Mona L. Siegel


On her book Peace on Our Terms: The Global Battle for Women's Rights After the First World War

Cover Interview of March 10, 2020

In a nutshell

Peace on Our Terms recounts the dramatic story of female activism around the world during a single, remarkable year in history, 1919, when the bloodshed of World War I finally gave way to the long-anticipated but still tenuous peace. Nineteen-nineteen witnessed the collapse of four major continental European and Middle Eastern empires, the first sustained challenge to European colonialism in Asia and Africa, and the emergence of the first standing world government. The year opened ripe with promise, as global statesmen gathered in Paris vowing to bring peace, democracy, and justice to a war-torn world.

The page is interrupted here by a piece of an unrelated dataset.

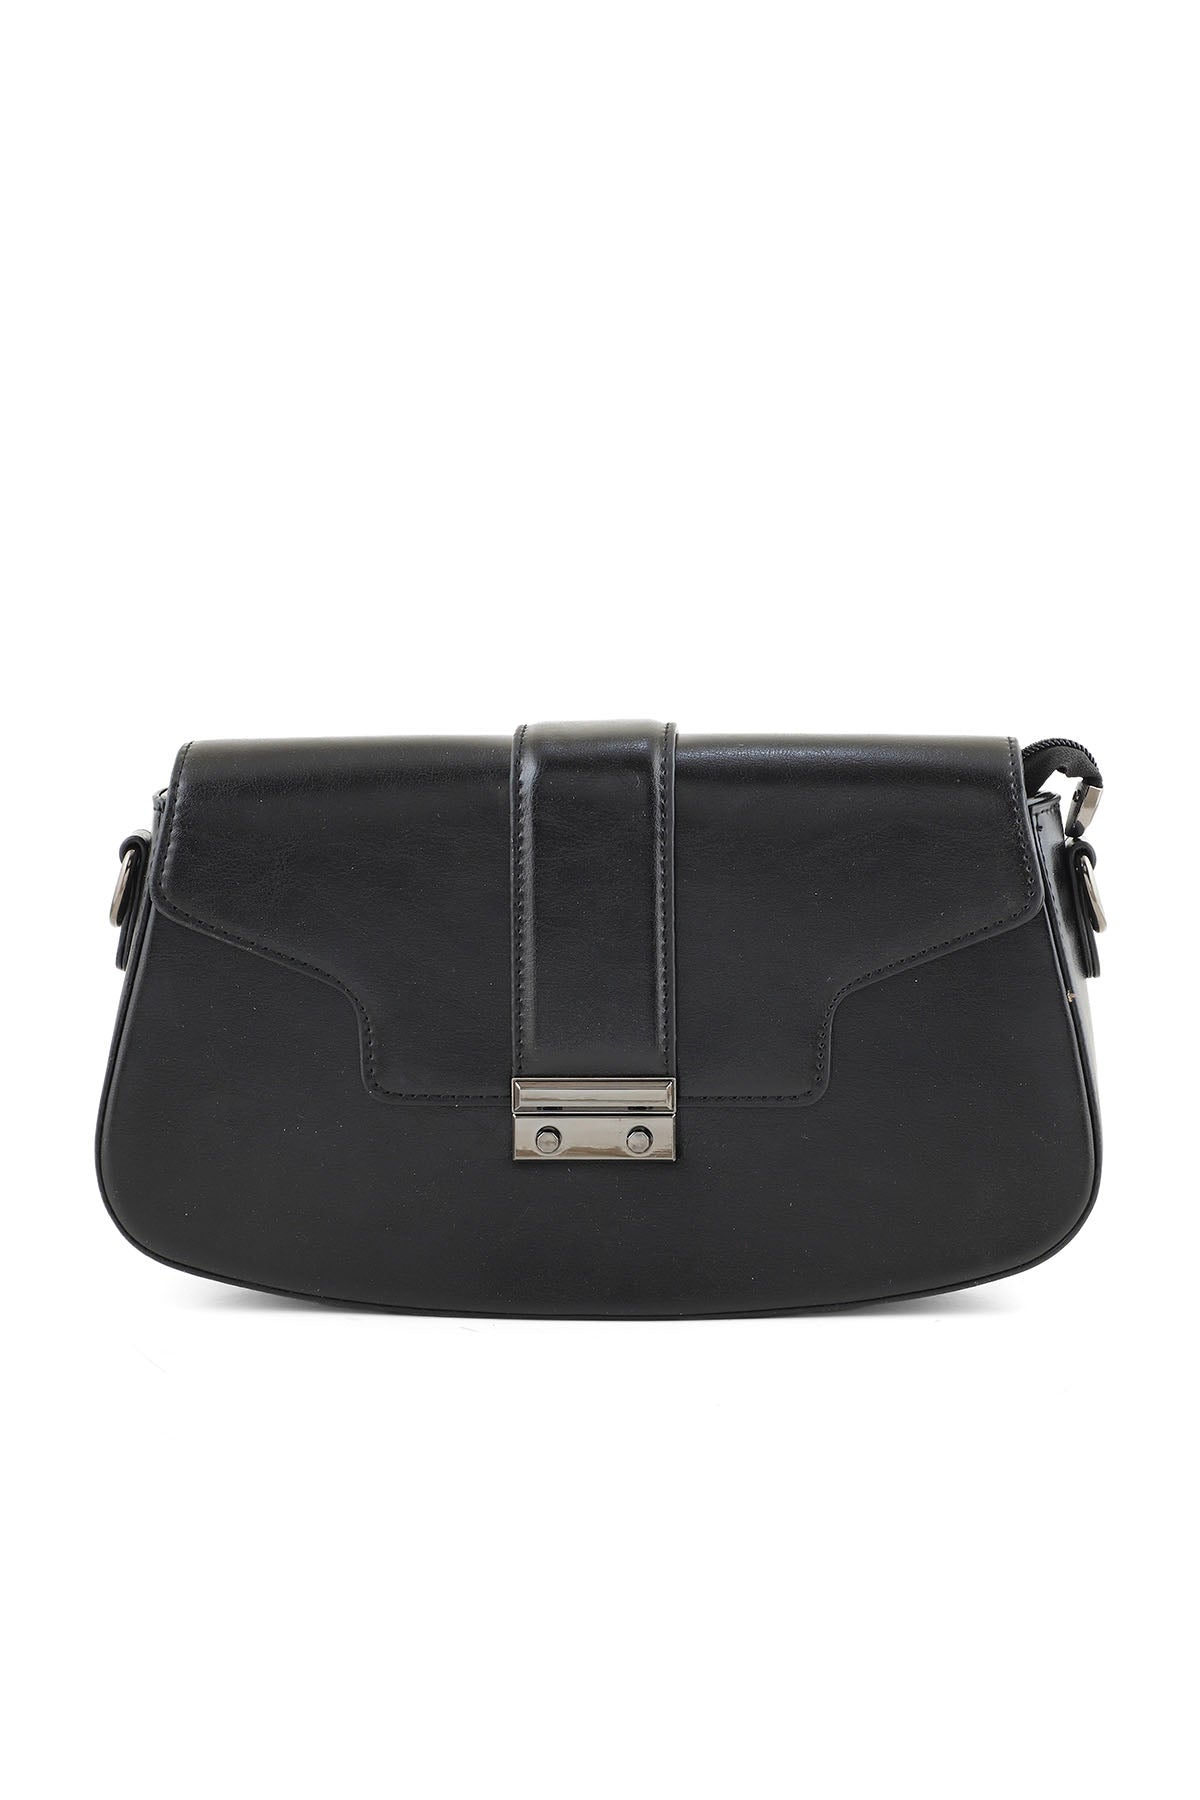 Baguette Shoulder Bags B14978-Black

Among the many millions listening attentively to the peacemakers’ promises were female suffragists, trade unionists, anti-imperialists, and civil rights activists. Though encouraged by statesmen’s lofty rhetoric, these women were not naïve. They knew that diplomacy was a man’s world. To have a voice in the shaping of the new world order, women were going to have to demand to be heard. Across Europe, North America, the Middle East, and Asia, these women rolled up their sleeves, packed their bags, and crossed oceans and continents, determined to hold global statesmen to their word.

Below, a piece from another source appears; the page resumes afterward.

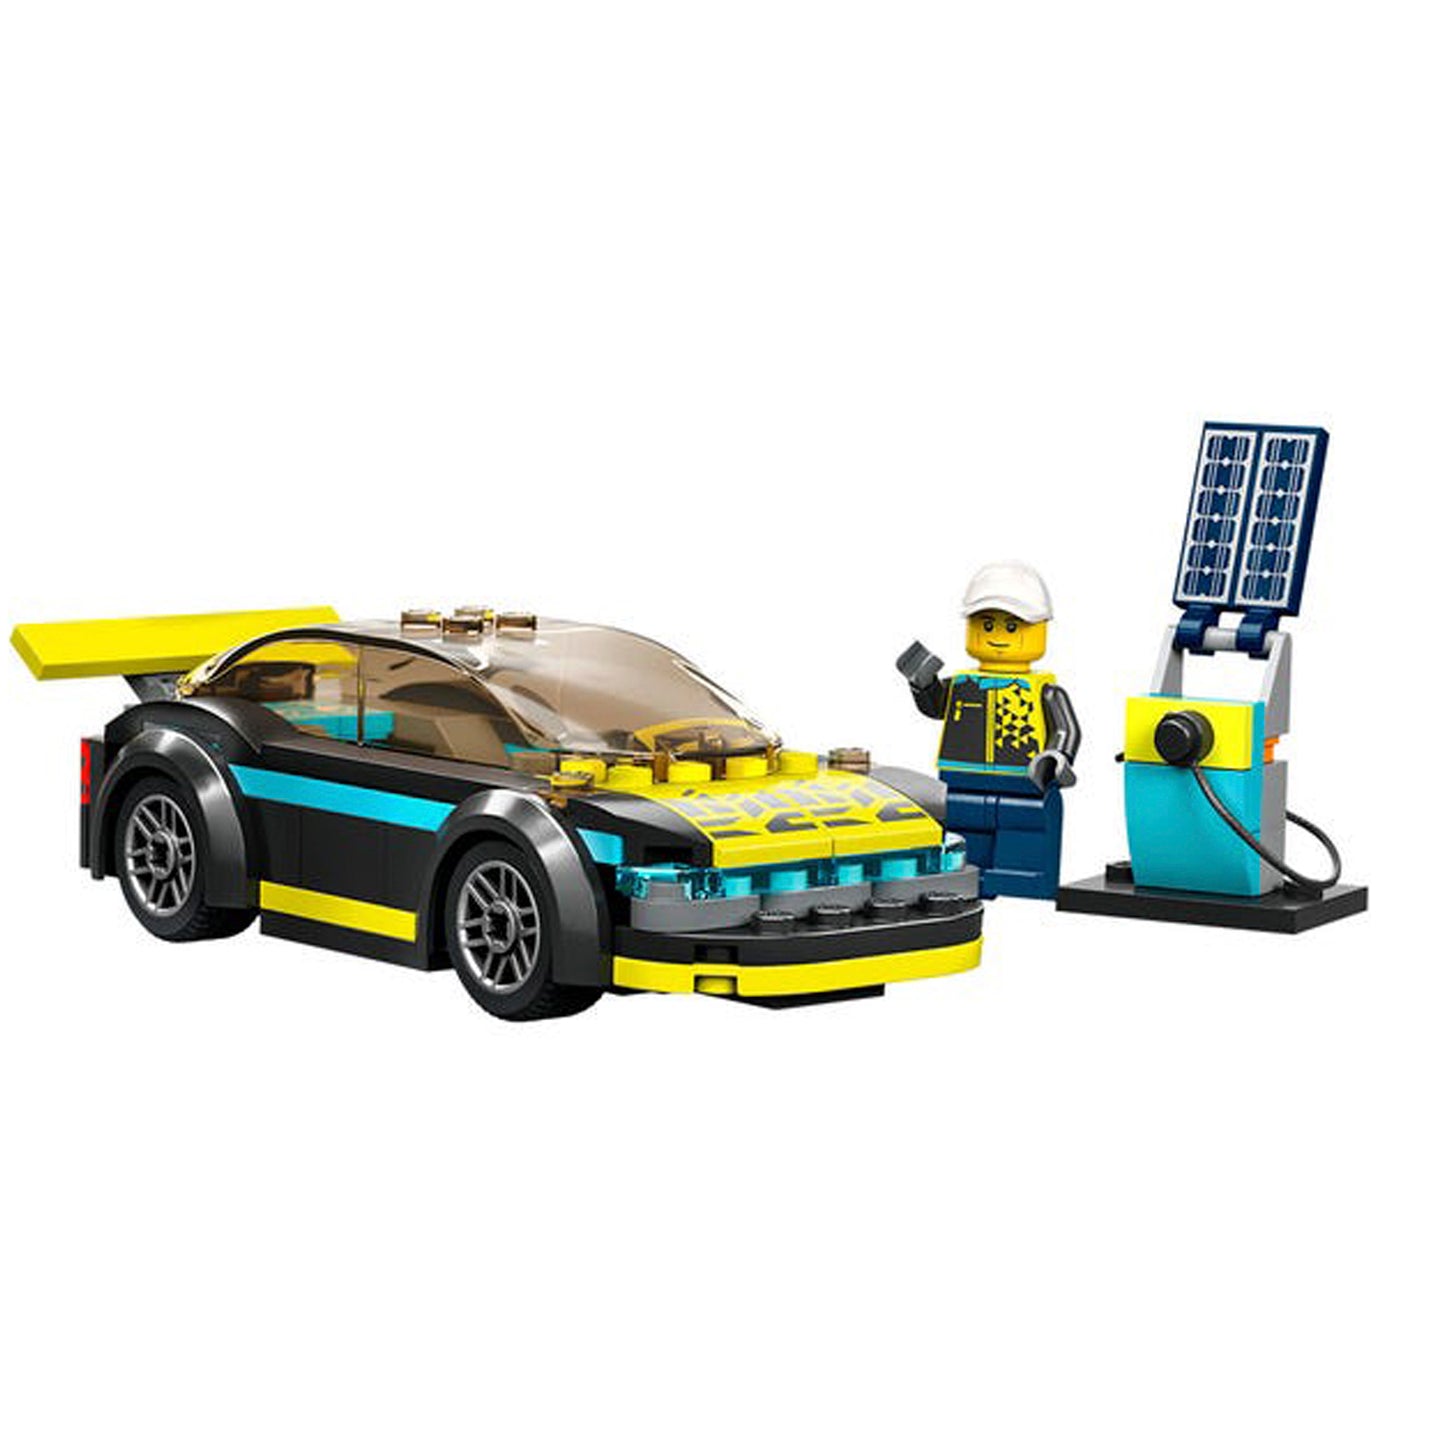 Lego City Auto Deportivo Eléctrico 60383 - Crazygames

Peace on Our Terms traces the history of these women’s historic actions. It invites readers to enter raucous meeting halls in Paris, Zurich, and Washington, D.C. and to join audacious women marching through the streets of Cairo and Beijing to demand a more just and equitable world.

The women who congregated, spoke, and marched in 1919 brought differing visions of women’s rights and responsibilities to the global stage, but their agendas were all shaped by the monumental expectations for democratic reform, economic justice, and global restructuring generated during the Paris Peace Conference. These pioneering activists shared a common belief that the construction of a just and stable world depended on the inclusion of women in all levels of political decision-making.

Some of these women—like American reformer and future Nobel peace laureate Jane Addams—were already famous in activist circles. Others—like Egyptian nationalist and feminist Huda Shaawari—would gain notoriety in the months that followed. Throughout 1919, they and thousands of like-minded women worldwide cracked open the male-dominated world of diplomacy and policymaking and transformed women’s rights into the global rallying cry that continues to reverberate around the world today.